Change is one of the only trustworthy constants in life. That’s particularly true in the fight game, where fighters make the jump from prospect to champion in a few short months, or where the previous champion suddenly falls off an athletic cliff.

Yet, over the years, Light Heavyweight has changed very little. It’s been eight years since Jones captured the title, and multiple generations of athletes have challenged him. First, it was the old guard, the veterans and prior champions of that era — Lyoto Machida, Quinton Jackson, and Rashad Evans among others.

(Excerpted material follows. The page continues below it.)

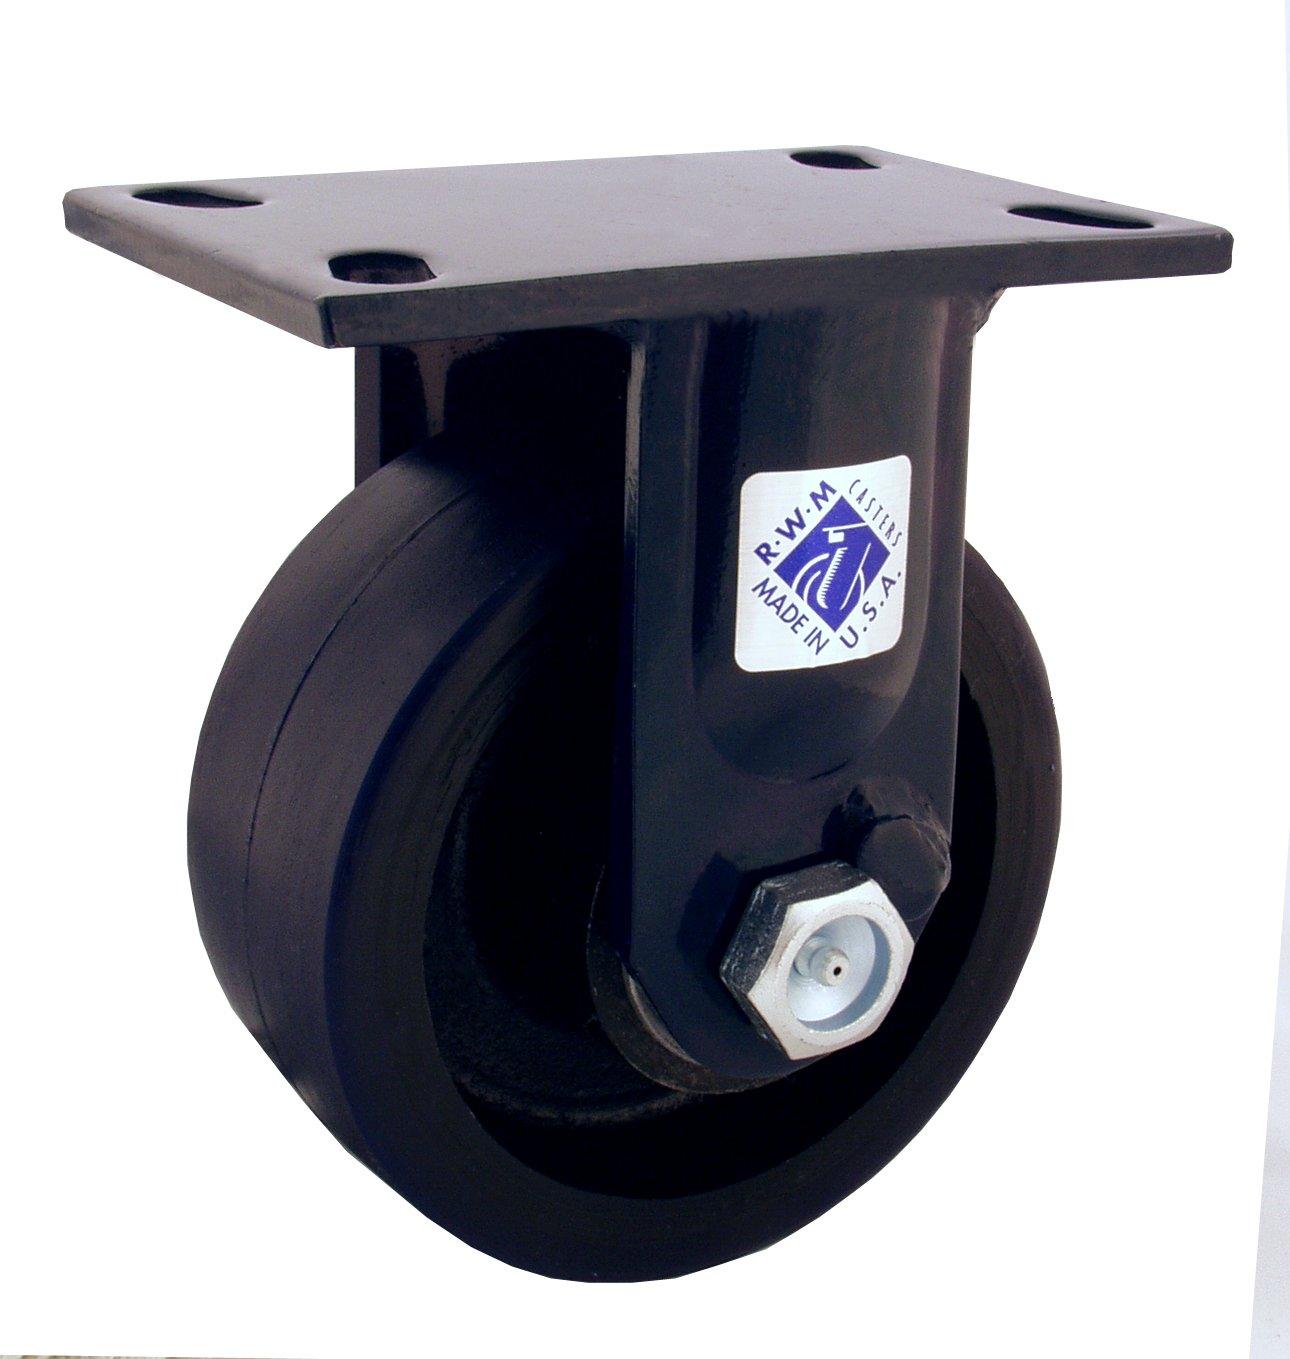 RWM Casters 75 Series Plate Caster, Rigid, Kingpinless, Forged Steel Wheel, Roller Bearing, 5000 lbs Capacity, 6'' Wheel Dia, 2-1/2'' Wheel Width, 7-1/2'' Mount Height, 6-1/2'' Plate Length, 4-1/2'' Plate Width

Next came fighters who began fighting around the same time as Jones; men of similar age to the champion like the athletes in last night’s main event, Alexander Gustafsson and Anthony Smith.

While Jones thrashed them all the same, a problem arose. For a few years now, it seemed that no one new was rising through the ranks to replace the fighters of Jones’ generation. There were few hotshot athletes in their 20s who inspired hope. Instead, the matchmakers have been pulling Middleweights up to throw at the dominant kingpin, such as Smith, Thiago Santos, and if he’s able to win a fight or two, Luke Rockhold.

The last year or so has been different. For example, Johnny Walker burst onto the scene, scoring three vicious knockout wins in the time it takes to put together a ham sandwich. Another hopeful in Dominick Reyes has won five straight, climbing into the top 10 at the age of 29.

Last night, the wheel turned once more. Setting the tone, longtime UFC vet Ilir Latifi was unable to make his fight due to a last-second back injury. In the co-main event, Aleksandar Rakic walked into the cage opposite veteran knockout artist Jimi Manuwa. Just 27 years of age, Rakic is an aggressive finisher with well-rounded skills. It took him only 47 seconds to obliterate “The Poster Boy” with a massive left head kick — one of the most violent one-strike knockouts of the year.

Manuwa, who is nearly 40, has now lost four straight and will slip further down the rankings.

The main event was a battle of two men supposedly in their primes. Smith performed reasonably well; Gustafsson did not, looking hesitant to pull the trigger and unable to accomplish much in nearly 20 minutes of Octagon time. When Smith climbed onto his back and sunk in the choke, Gustafsson left his gloves in the Octagon.

It may hurt to watch Manuwa fall like an uprooted oak tree or see Gustafsson strangled in his home country, yet change is good for all but the established fighters. Even Smith, who was victorious last night, would likely be the underdog to any of three newcomers mentioned. New up-and-comers like Rakic have destabilized the Light Heavyweight gridlock, which will hopefully produce new and interesting challenges for Jones and higher quality fights.